Kelvin Herrera - RP - Kablooey_medium

Relegated. Sorry, I've been reading too many Soccer articles.

Aaron Crow - RP - Kablooey_medium

Exploded on a Davis-like level against the hated Cardinals, and generally just didn't have a good two weeks. Crow's K/BB on the season is down to 10/7, which is decidely "blah" if not totally "blargh."

J. C. Gutierrez - RP - Nope_medium

It's kind of hard for me to understand the presence of Gutierrez on the roster when there's already Crow, Hochevar, and, to a lesser extent, Chen, but it's not as if most MLB managers use extra position players well. And Franky's no exception. There's also the fact he was pitching decently until the Texas outing.

Louis Coleman - RP - Nope_medium

Not pitching particularly well since his call-up 5 baserunners in 4.1 IP, 1 K), but then again I can't really remember why the Royals left him in the minors in the first place. Oh right, we broke camp with about eleven starting pitchers and Wade Davis.

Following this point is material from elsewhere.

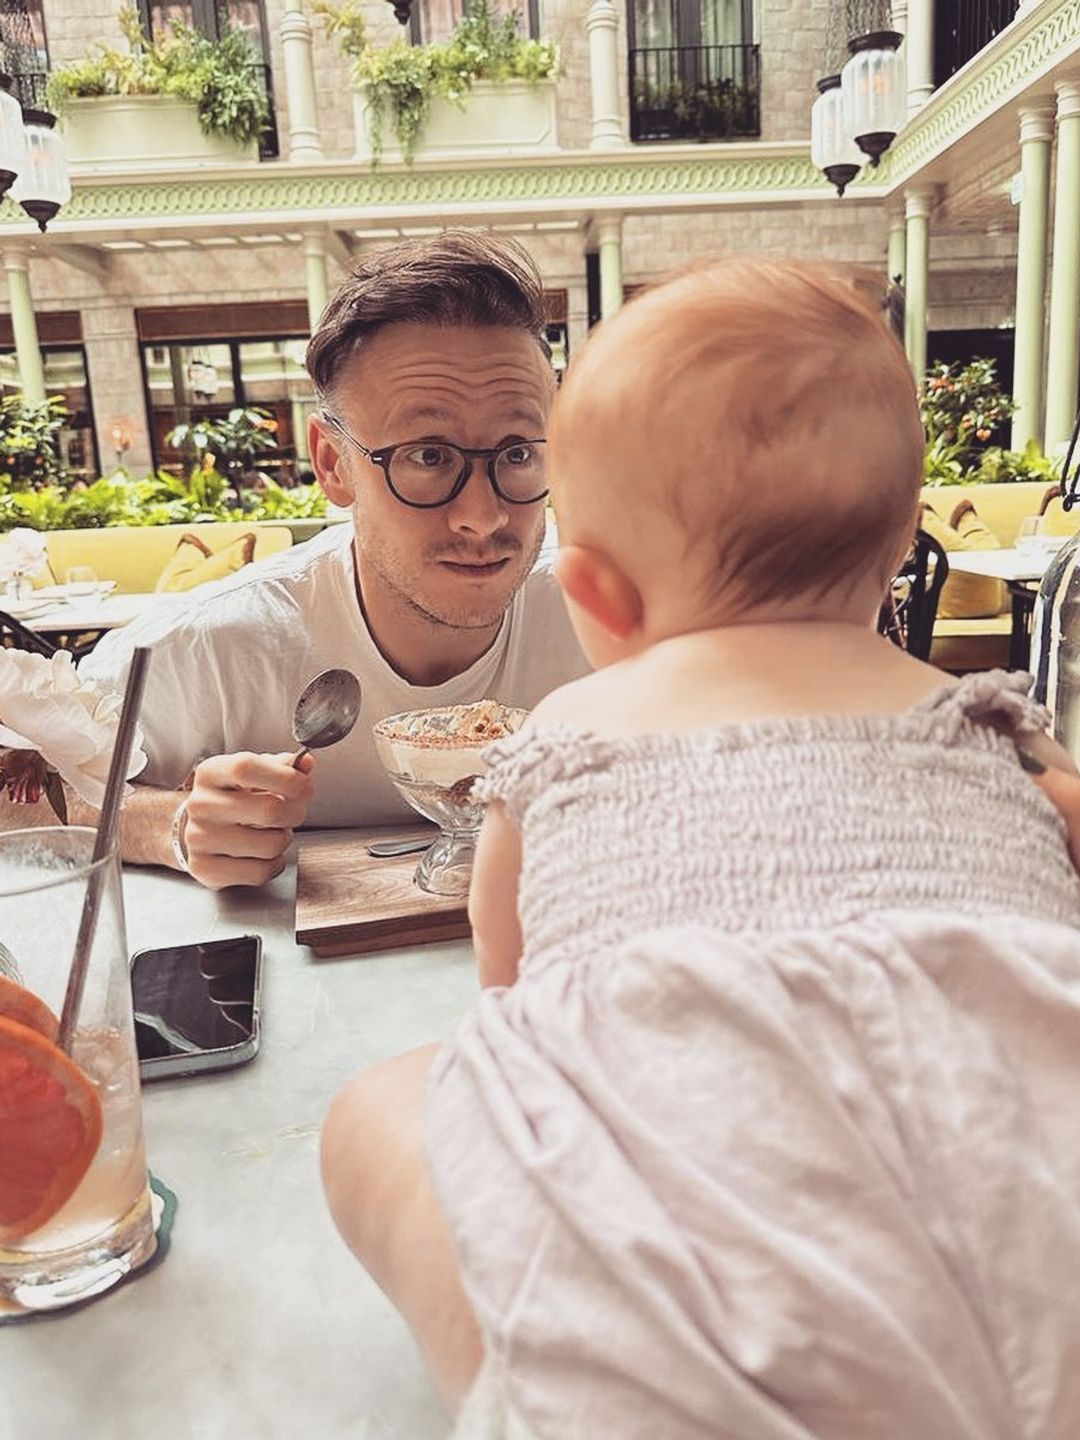 dad talking to baby daughter at table

Tim Collins - RP - Nope_medium

Walking too many guys recently, but generally getting the job down. Fan fact - via Fangraphs' WAR, Collins has been worth as much as Davis...in 41.2 less innings.

Questions for the week:

1. Rate the Day One draft selections for the Royals? What's your overall grade for the draft?

2. Doesn't this video kind of remind you of the Kansas City Front Office?

This may mean nothing, but at the conclusion of this sentence, this post will have 1337 words!